Reproduce from the records below, with no pictures, exactly the lines between the one containing "DECORAPORT 55 x" and the one containing "京都・宇治の人気パン店「たま木亭」厨房と売場を一新", inclusive.

* Dataset content
--------------------------------------------------

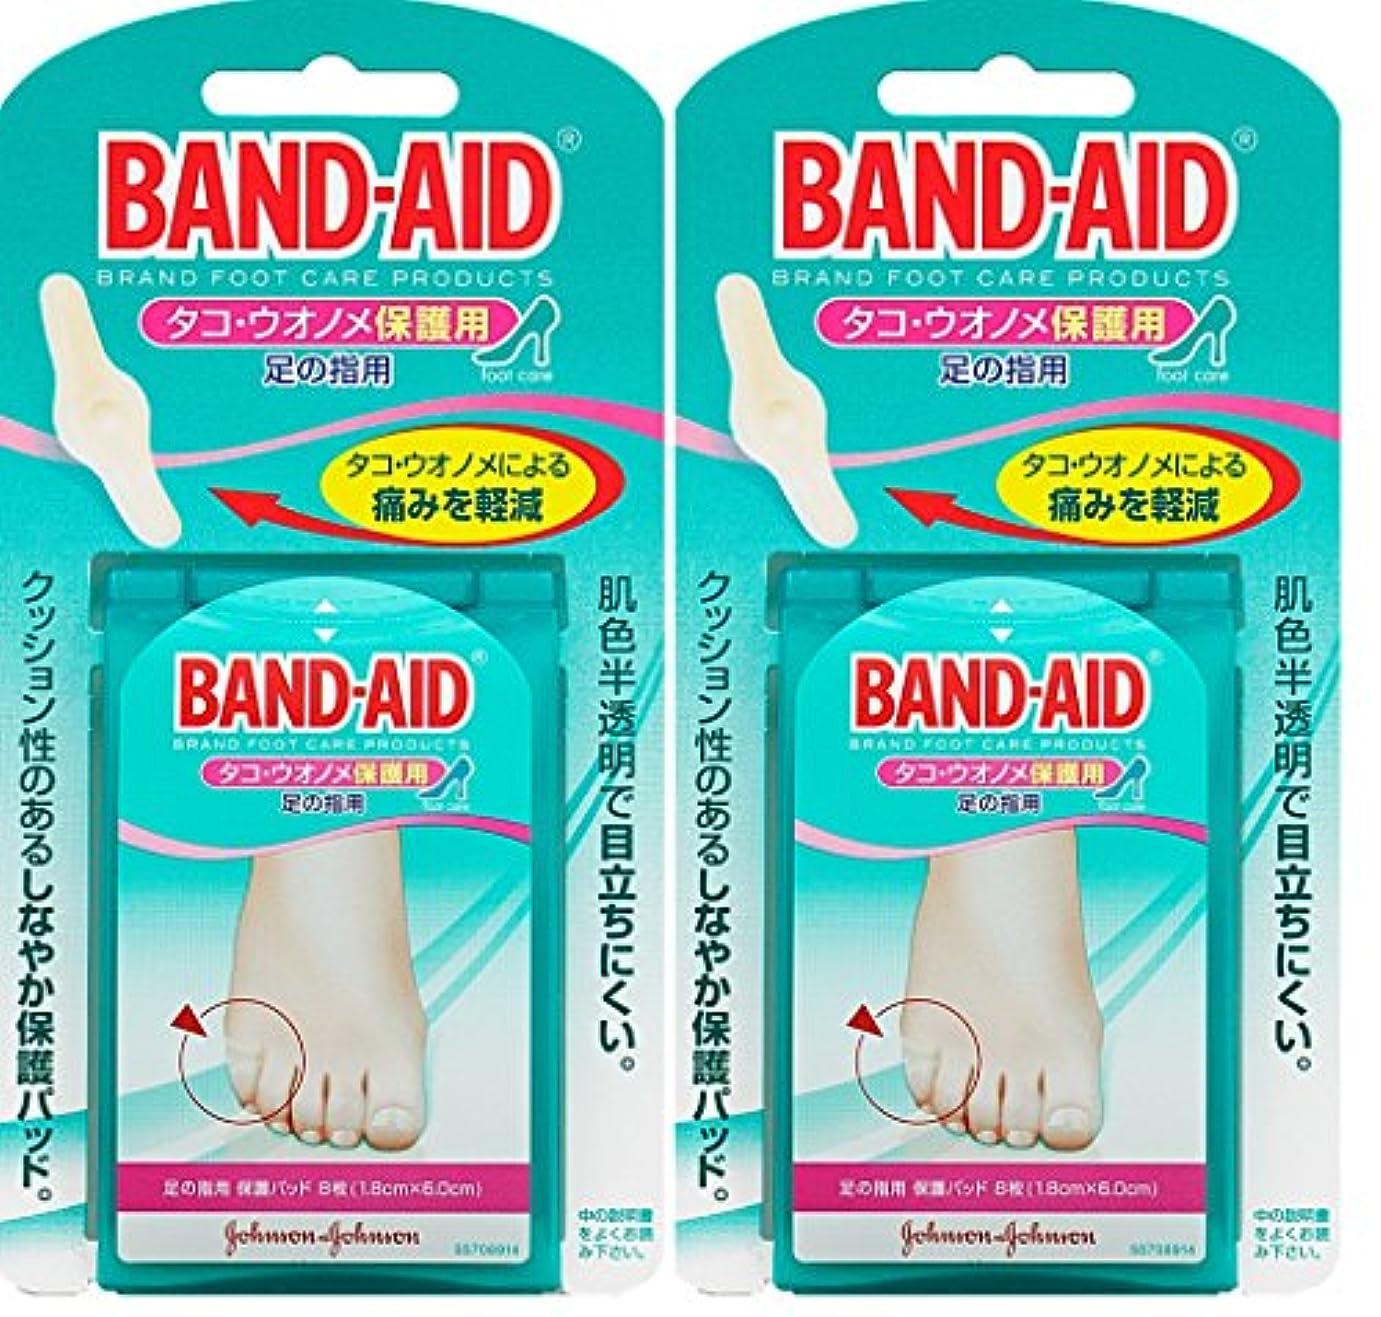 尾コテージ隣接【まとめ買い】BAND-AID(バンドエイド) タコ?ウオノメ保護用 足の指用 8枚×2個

--------------------------------------------------

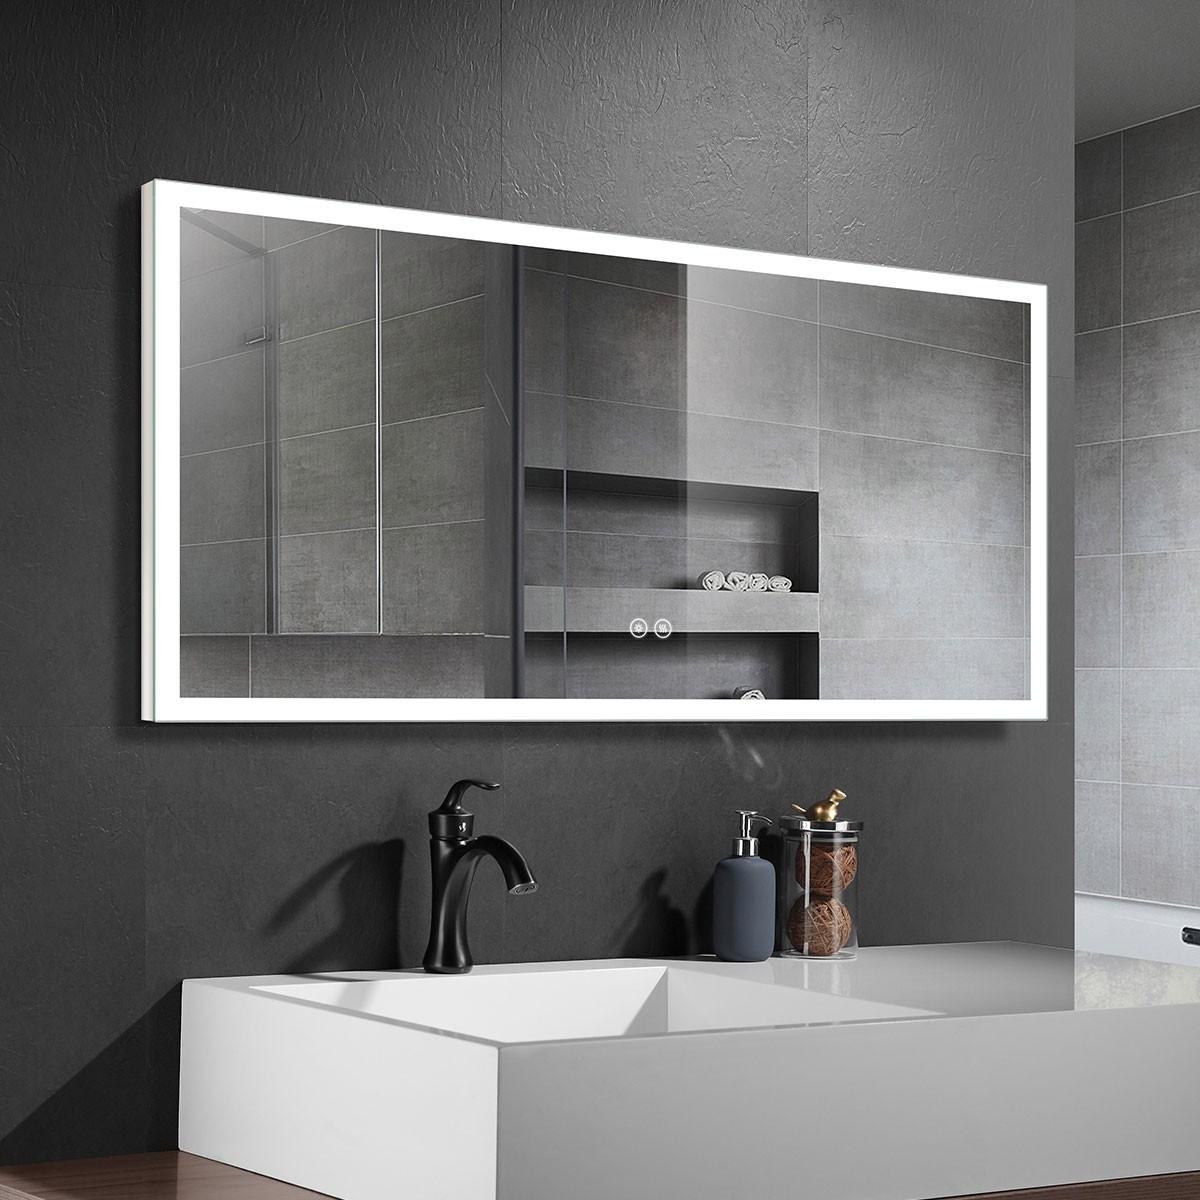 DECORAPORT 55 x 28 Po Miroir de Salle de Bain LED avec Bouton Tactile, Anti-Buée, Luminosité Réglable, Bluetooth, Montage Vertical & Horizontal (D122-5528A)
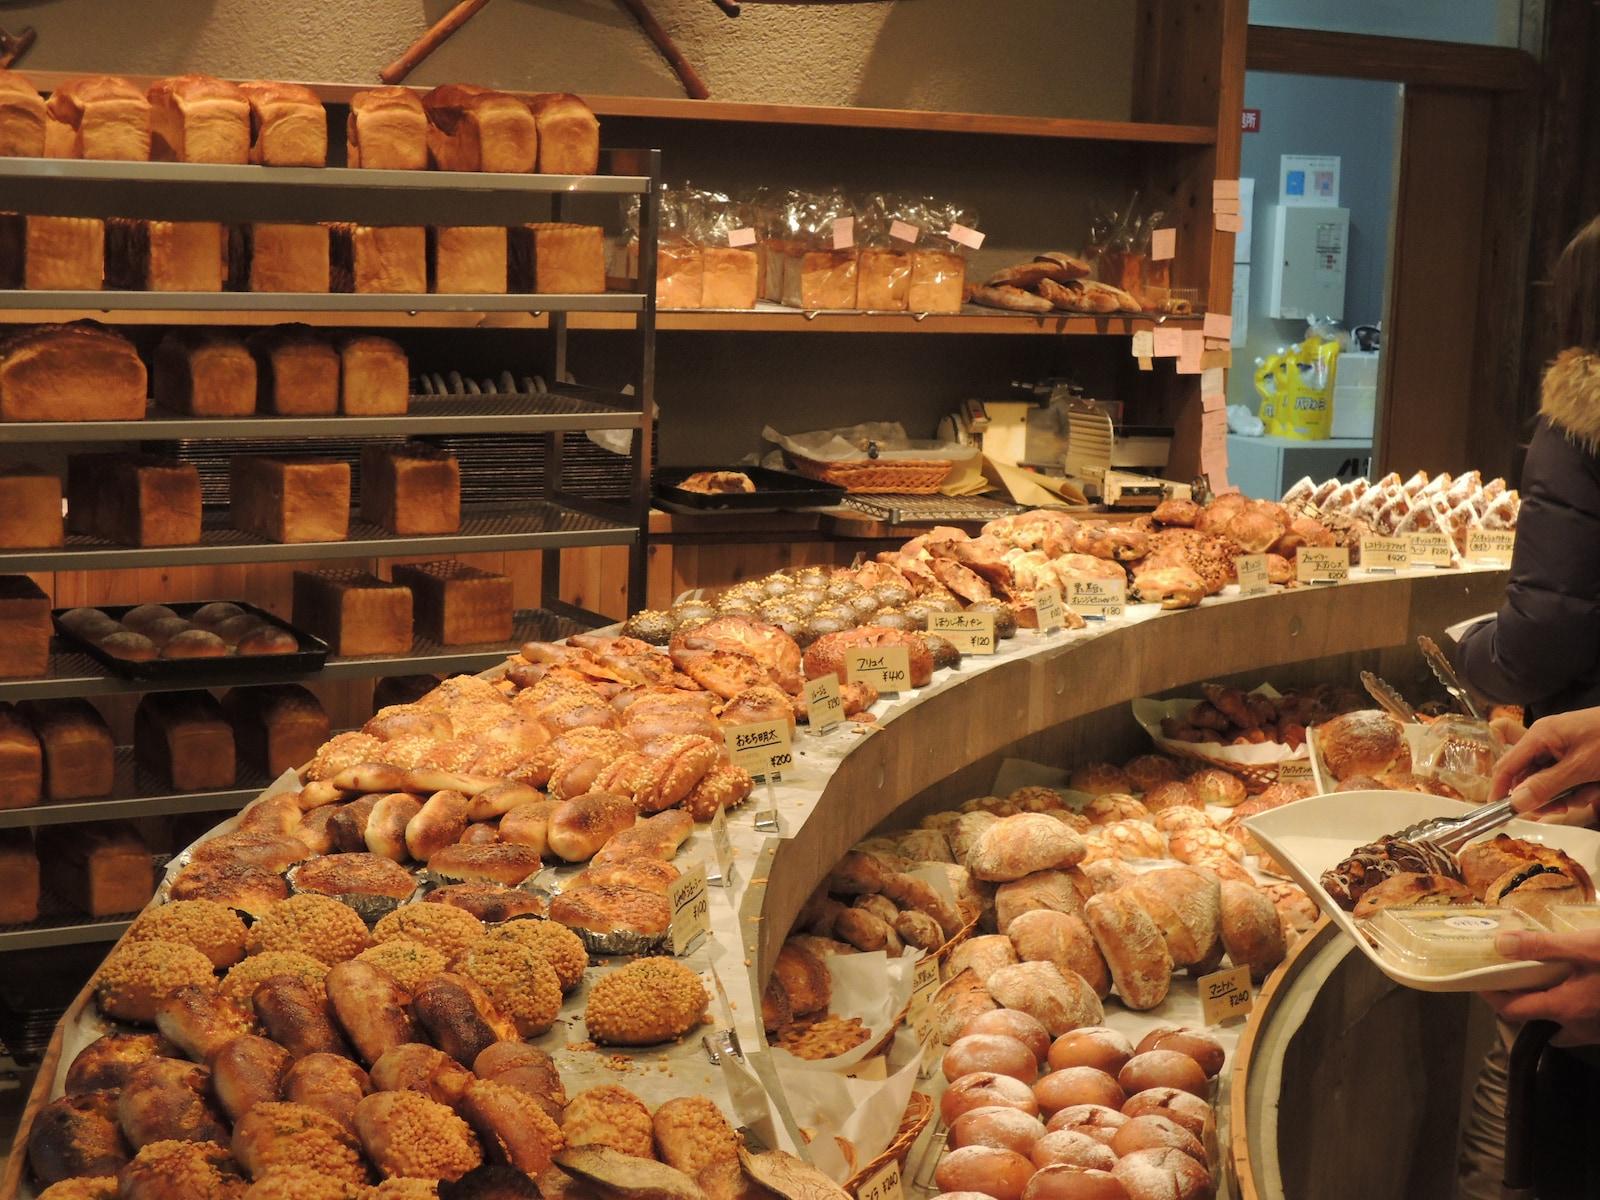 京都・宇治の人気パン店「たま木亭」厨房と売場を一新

--------------------------------------------------

* Expected answer
 DECORAPORT 55 x 28 Po Miroir de Salle de Bain LED avec Bouton Tactile, Anti-Buée, Luminosité Réglable, Bluetooth, Montage Vertical & Horizontal (D122-5528A)
 京都・宇治の人気パン店「たま木亭」厨房と売場を一新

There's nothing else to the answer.